By: Kevin P. Fleming (kpfleming) 2005-12-13 16:57:20.000-0600

Sorry, I saw the patch from Corydon and thought it had already been committed. My mistake, shouldn't have closed the bug.

By: Mark Edwards (edwar64896) 2005-12-13 19:36:13.000-0600

OK Thanks for reopening this.

I have removed include/asterisk/linkedlists.h and channel.c and done svn update to trunk/1.2

We are back to a crash situation under same conditions noted in the earlier part of this report.

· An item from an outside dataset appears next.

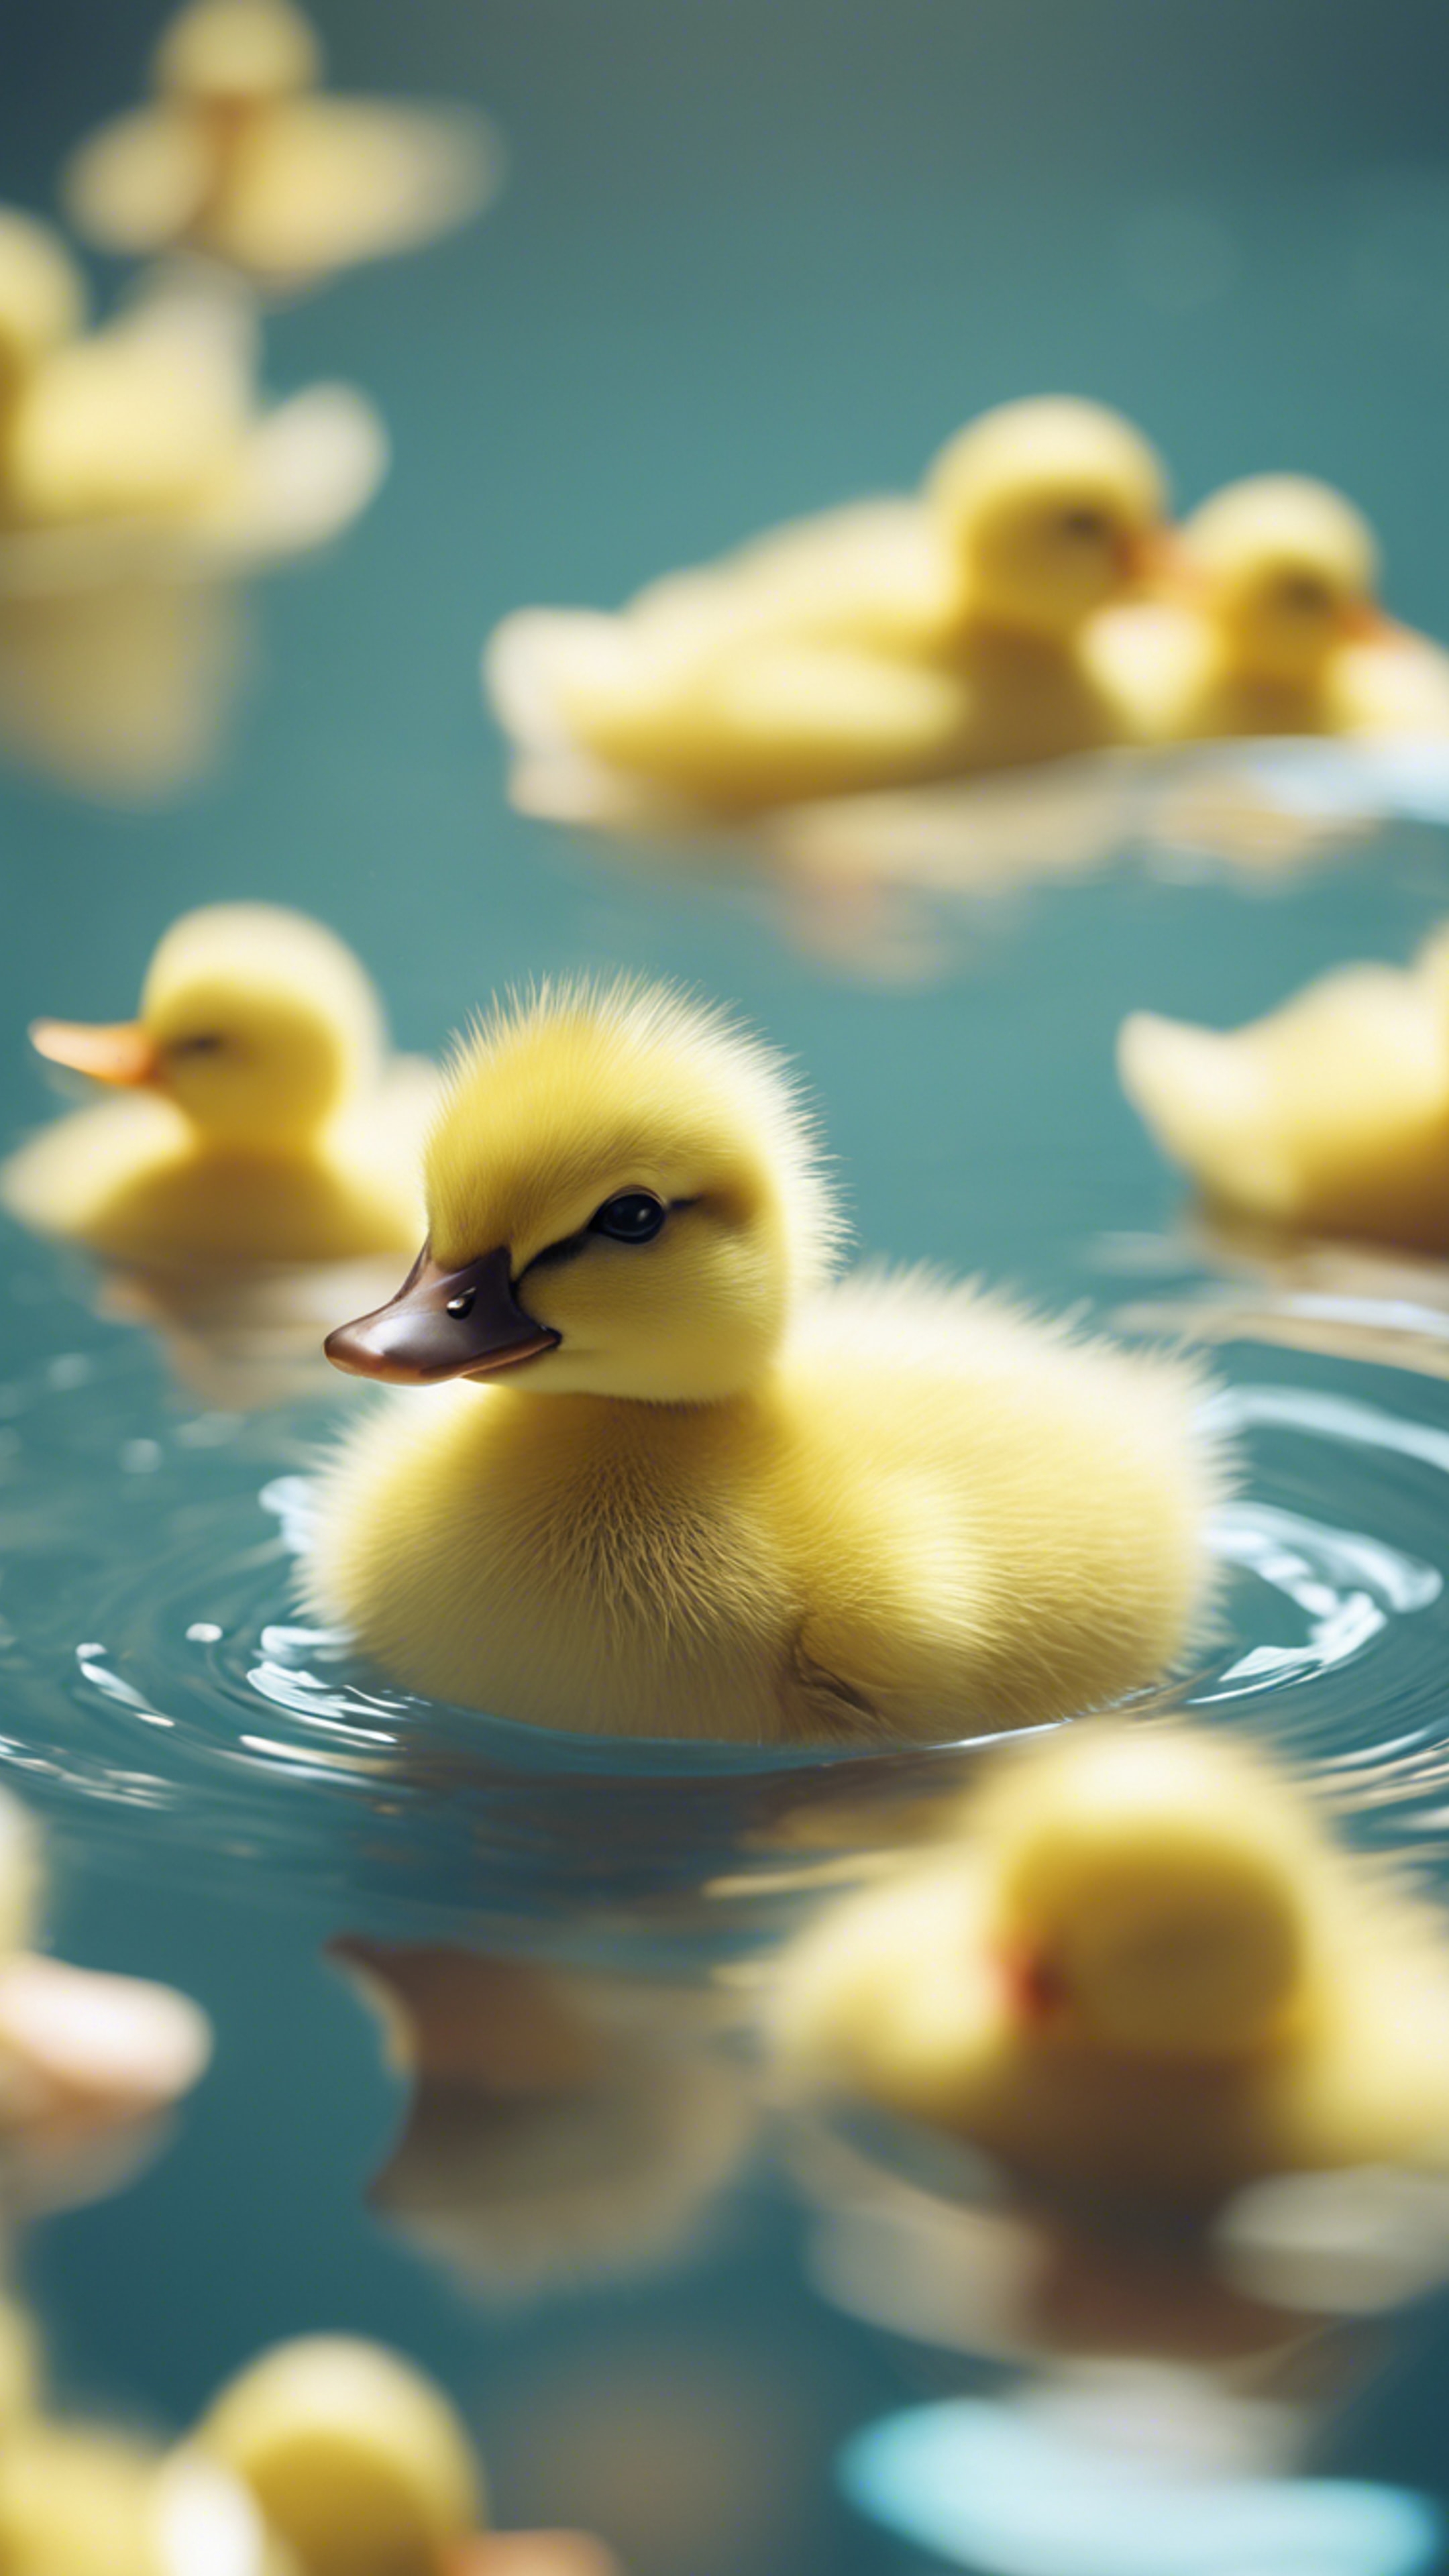 A small, chubby, kawaii yellow duckling swimming in a pastel blue pond. ផ្ទាំង​រូបភាព[2b07b187d2cc4e759cc9]

We are now crashing in ast_channel_spy_remove during the AST_LIST_REMOVE macro at the point where....

1051                    typeof(spy) curspy = (&chan->spies->list)->first;
1052                    while (curspy->list.next != (spy))

Unfortunately, (&chan->spies->list)->first is 0x0 in line 1051 and we segfault on line 1052.

See attached BT, channel.c patch I am using for test and additional gdb variable info.



By: Mark Edwards (edwar64896) 2005-12-15 15:39:50.000-0600

Guys, can we set resolution status on this one to something other than fixed, so we don't give people unfamiliar with this bug the wrong impression..

ta.

By: Tilghman Lesher (tilghman) 2005-12-16 18:13:48.000-0600

I've made one more change to SVN that I think will solve the issue.  Please update to the latest 1.2 branch in SVN, and 'make clean dont-optimize' and try again.

By: Mark Edwards (edwar64896) 2005-12-16 18:43:12.000-0600

I am now unable to reproduce failure under stated test conditions.

Looks like that pesky race condition coupled with that linkedlist issue has been put to bed.

Many thanks for your help with this.